=== Section Start ===
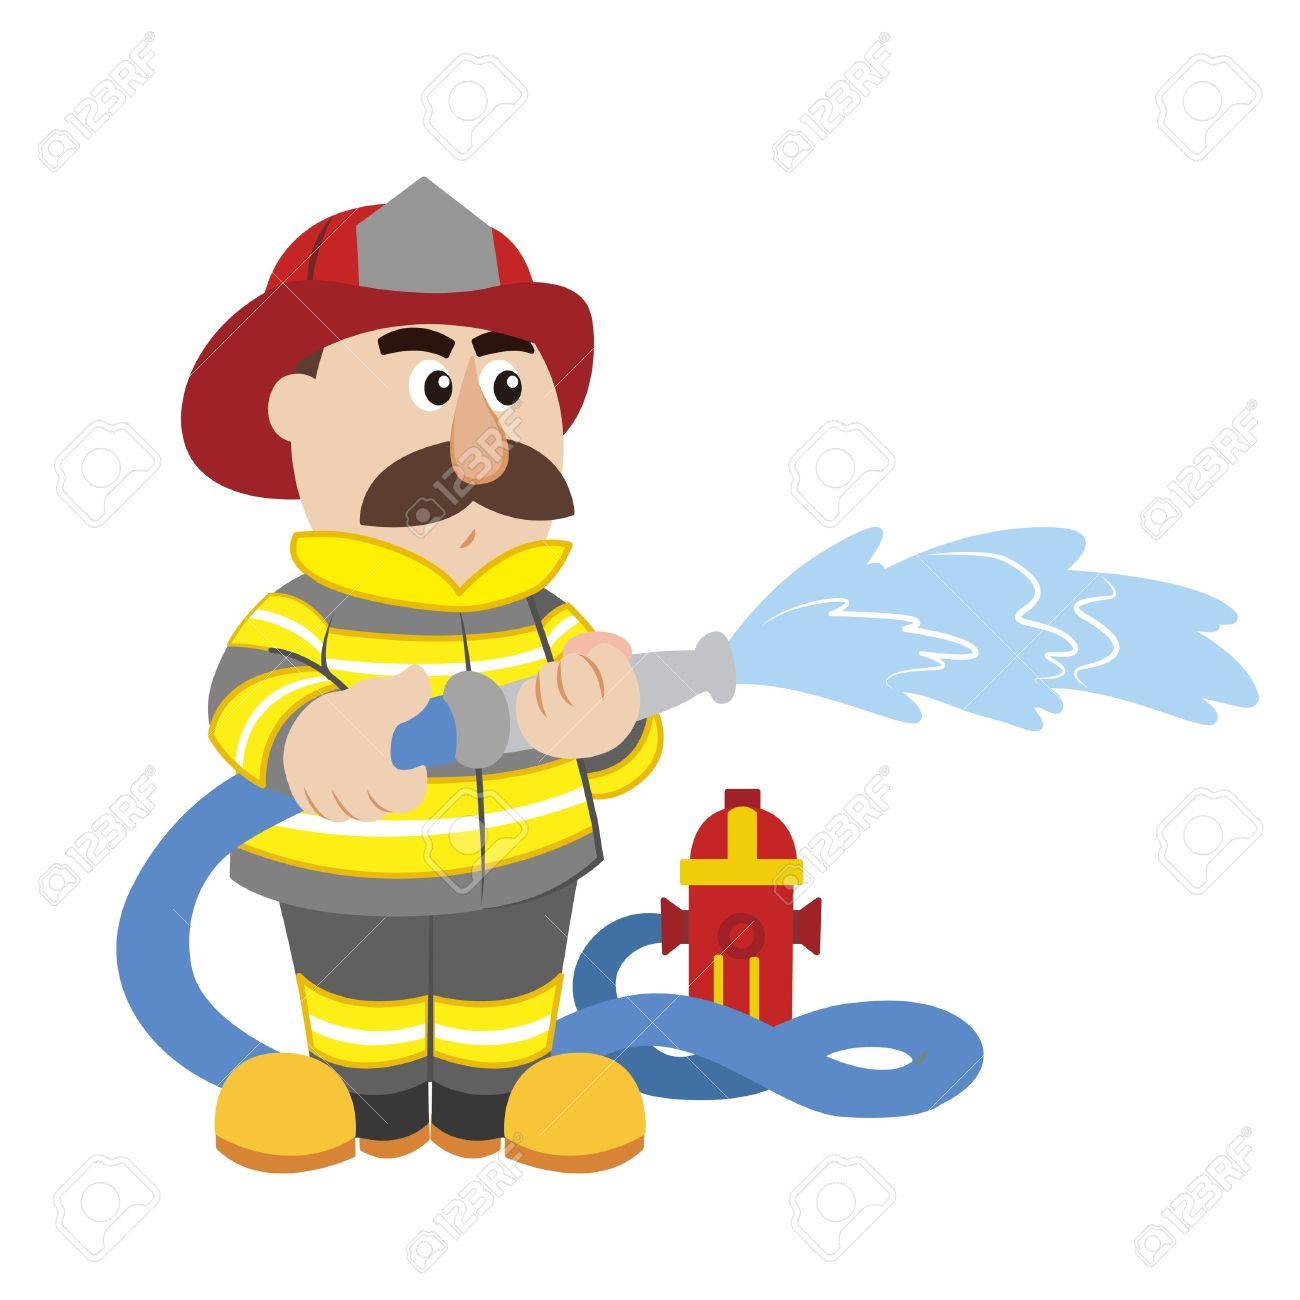 Free Fireman Clipart
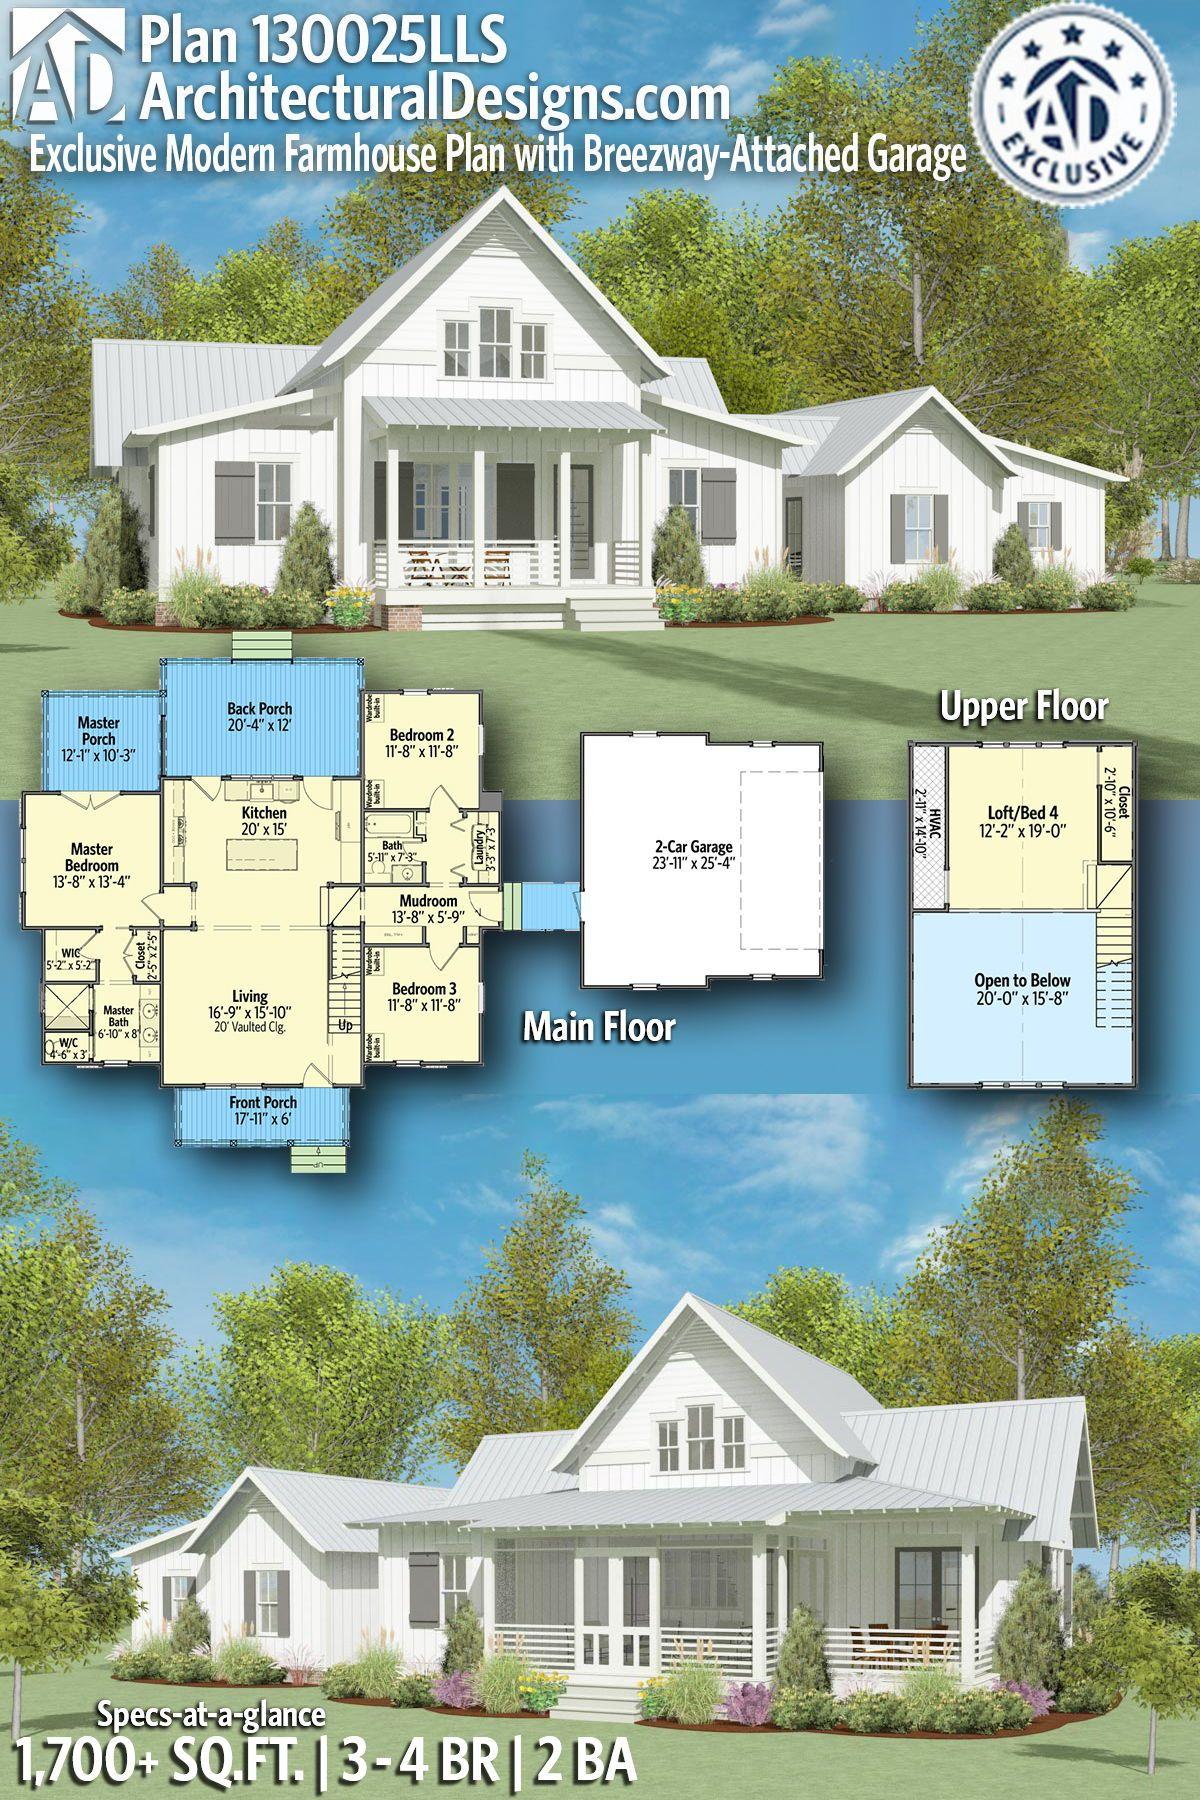 Plan 130025lls Exclusive Modern Farmhouse Plan With Breezeway Attached Garage Farmhouse Plans Modern Farmhouse Plans Country House Plans
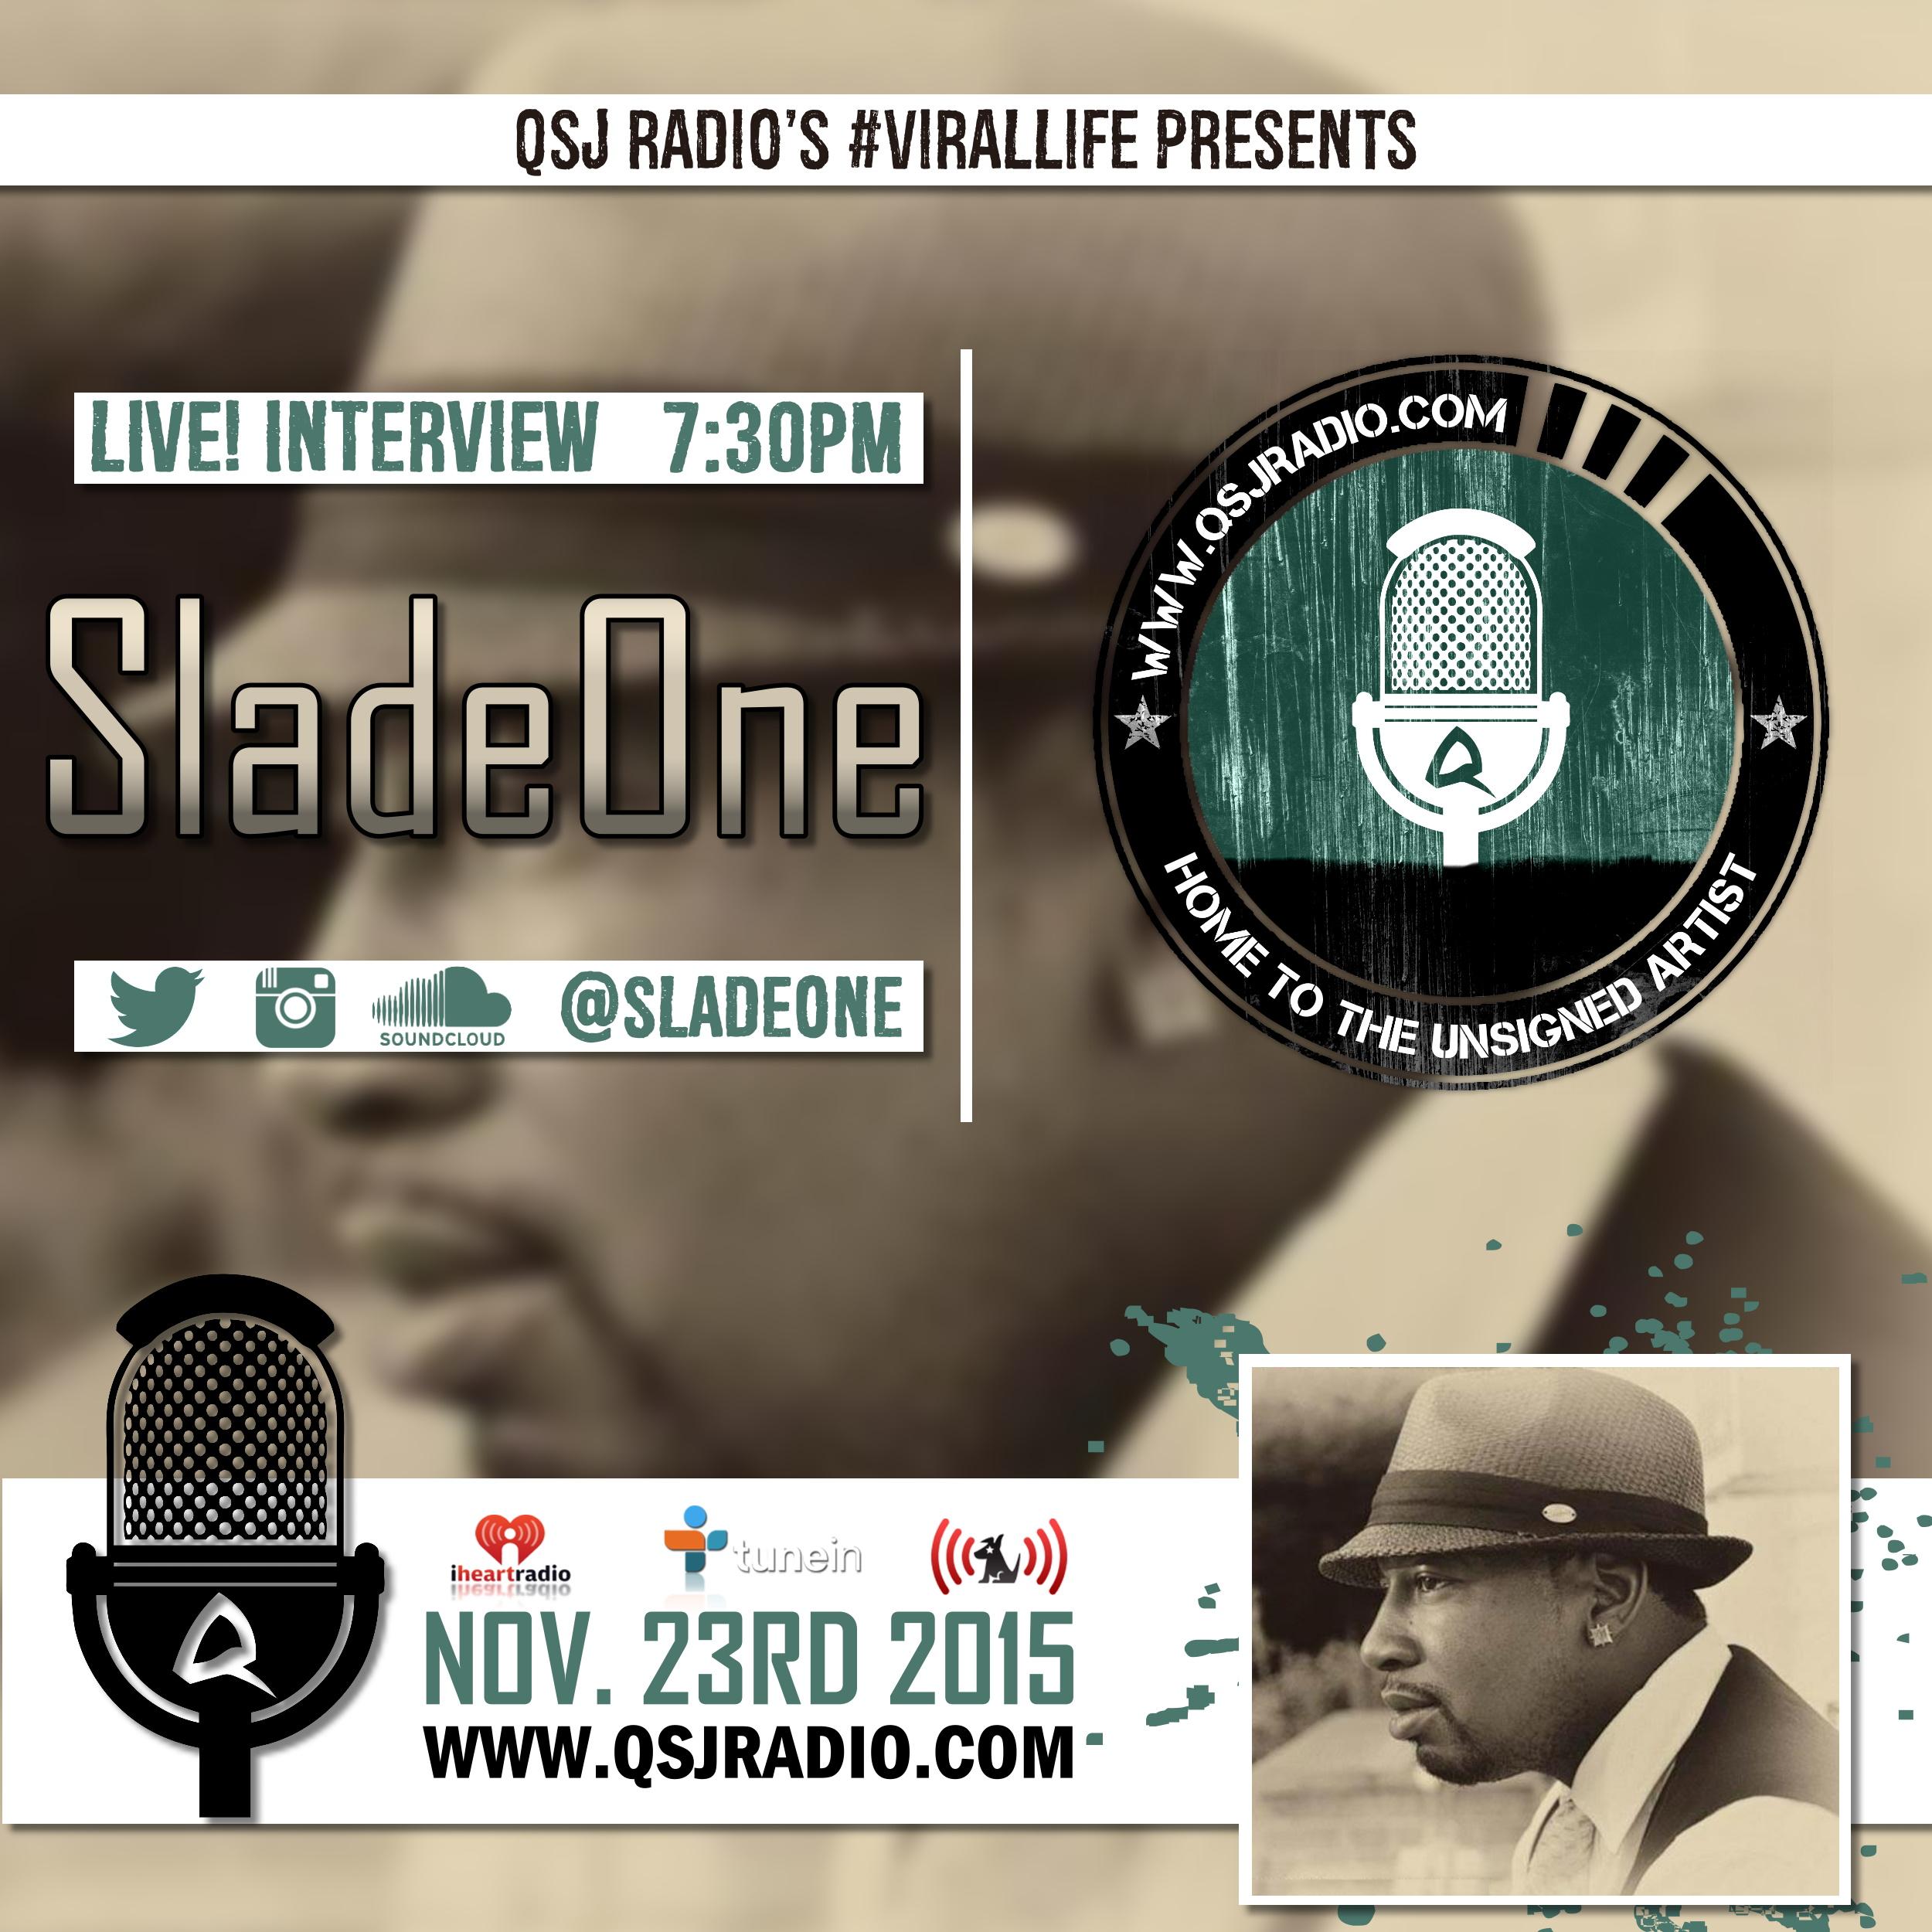 Artwork for 11.23.2015 QSJ Radio #ViralLife Interview SladeOne @SladeOne
=== Section End ===
> **TASK DIRECTIONS**
Print verbatim every line above, apart from the pictures.

> **ANSWER TO THE PROBLEM**
 Free Fireman Clipart
 Plan 130025lls Exclusive Modern Farmhouse Plan With Breezeway Attached Garage Farmhouse Plans Modern Farmhouse Plans Country House Plans
 Artwork for 11.23.2015 QSJ Radio #ViralLife Interview SladeOne @SladeOne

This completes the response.